Here we analyze the role of Nolz1 during LGE ...development. We show that Nolz1 expression is high in proliferating neural progenitor cells (NPCs) of the LGE subventricular zone. In addition, low levels of Nolz1 are detected in the mantle zone, as well as in the adult striatum. Similarly, Nolz1 is highly expressed in proliferating LGE-derived NPC cultures, but its levels rapidly decrease upon cell differentiation, pointing to a role of Nolz1 in the control of NPC proliferation and/or differentiation. In agreement with this hypothesis, we find that Nolz1 over-expression promotes cell cycle exit of NPCs in neurosphere cultures and negatively regulates proliferation in telencephalic organotypic cultures. Within LGE primary cultures, Nolz1 over-expression promotes the acquisition of a neuronal phenotype, since it increases the number of β-III tubulin (Tuj1)- and microtubule-associated protein (MAP)2-positive neurons, and inhibits astrocyte generation and/or differentiation. Retinoic acid (RA) is one of the most important morphogens involved in striatal neurogenesis, and regulates Nolz1 expression in different systems. Here we show that Nolz1 also responds to this morphogen in E12.5 LGE-derived cell cultures. However, Nolz1 expression is not regulated by RA in E14.5 LGE-derived cell cultures, nor is it affected during LGE development in mouse models that present decreased RA levels. Interestingly, we find that Gsx2, which is necessary for normal RA signaling during LGE development, is also required for Nolz1 expression, which is lost in Gsx2 knockout mice. These findings suggest that Nolz1 might act downstream of Gsx2 to regulate RA-induced neurogenesis. Keeping with this hypothesis, we show that Nolz1 induces the selective expression of the RA receptor (RAR)β without altering RARα or RARγ. In addition, Nozl1 over-expression increases RA signaling since it stimulates the RA response element.

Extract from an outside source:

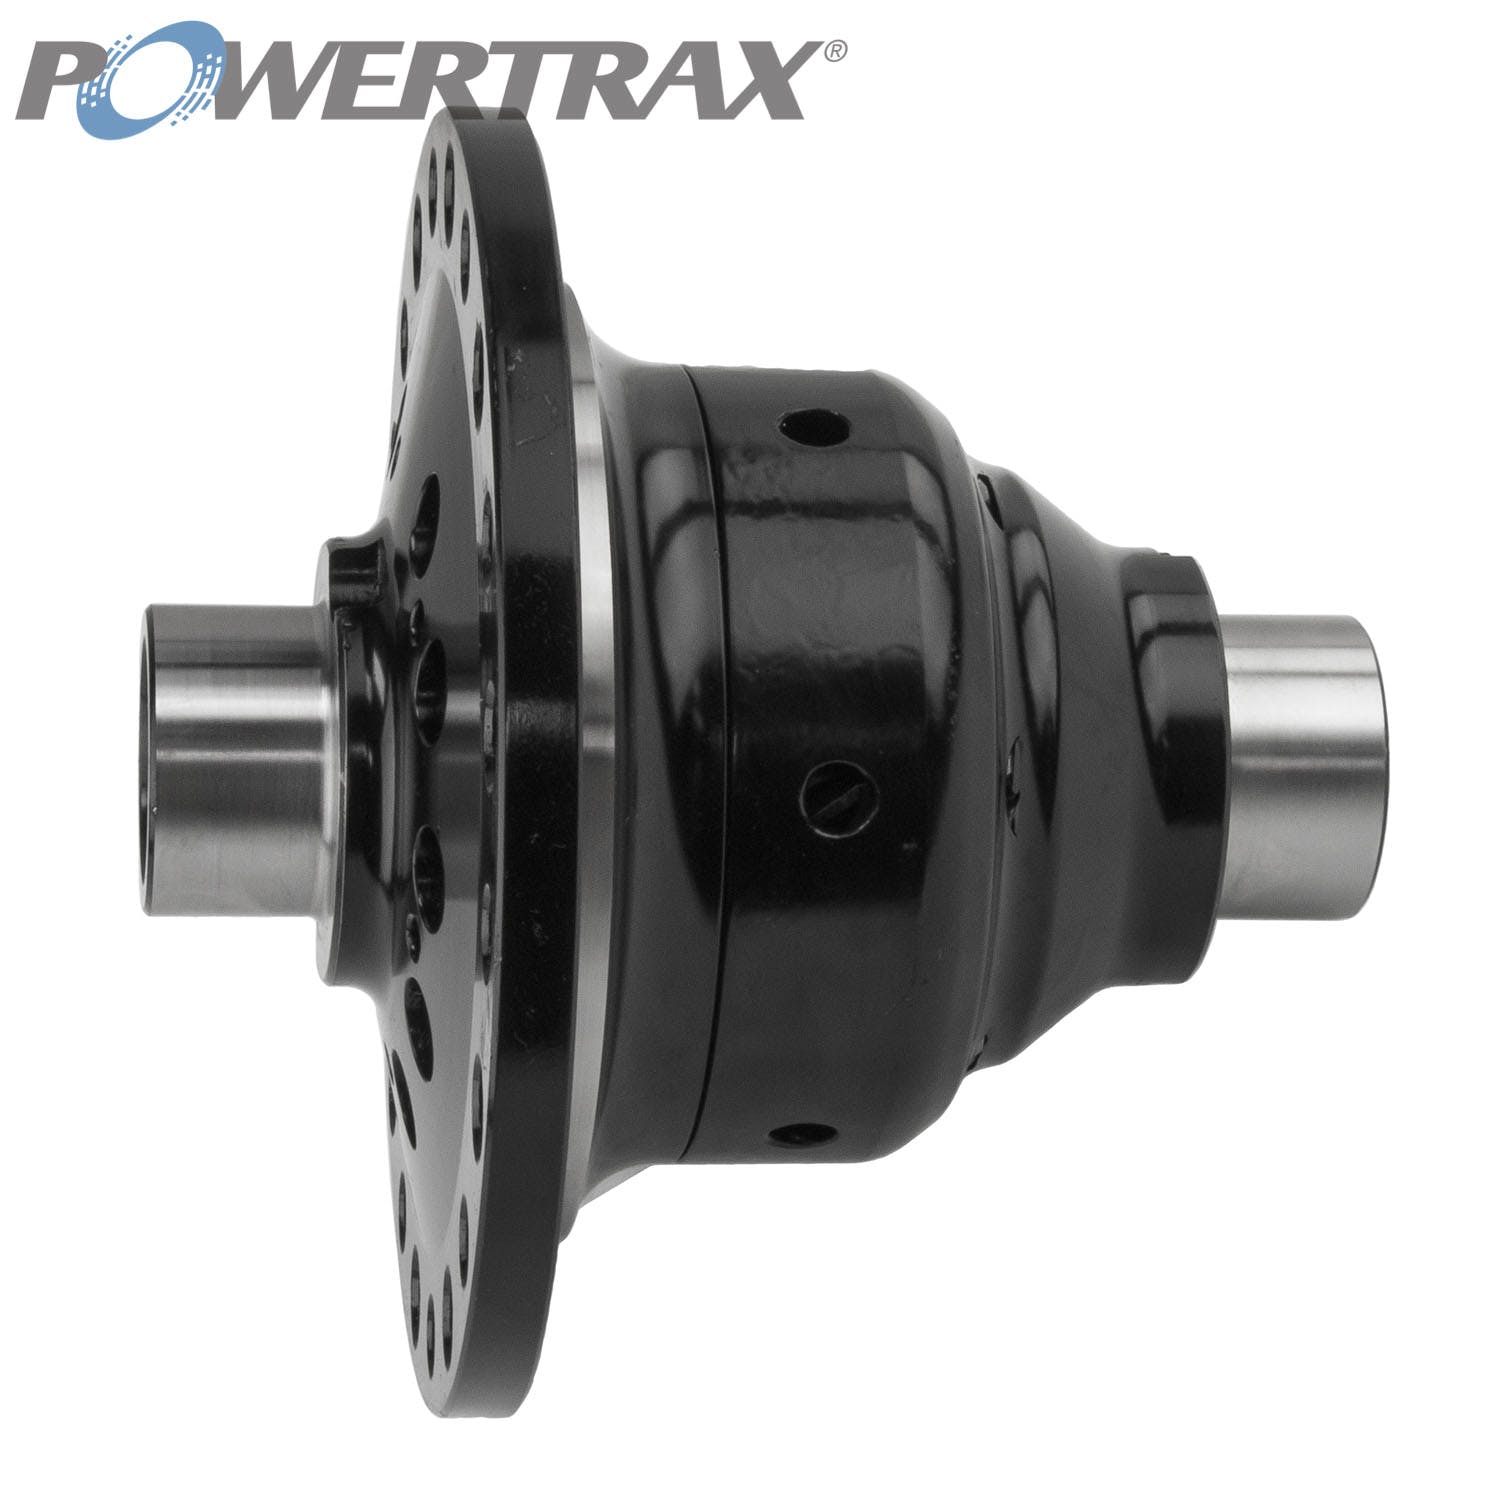 PowerTrax GT434430JK Powertrax - Grip PRO Traction System

This RA signaling is essential for Nolz1-induced neurogenesis, which is impaired in a RA-free environment or in the presence of a RAR inverse agonist. It has been proposed that Drosophila Gsx2 and Nolz1 homologues could cooperate with the transcriptional co-repressors Groucho-TLE to regulate cell proliferation. In agreement with this view, we show that Nolz1 could act in collaboration with TLE-4, as they are expressed at the same time in NPC cultures and during mouse development.
Nolz1 promotes RA signaling in the LGE, contributing to the striatal neurogenesis during development.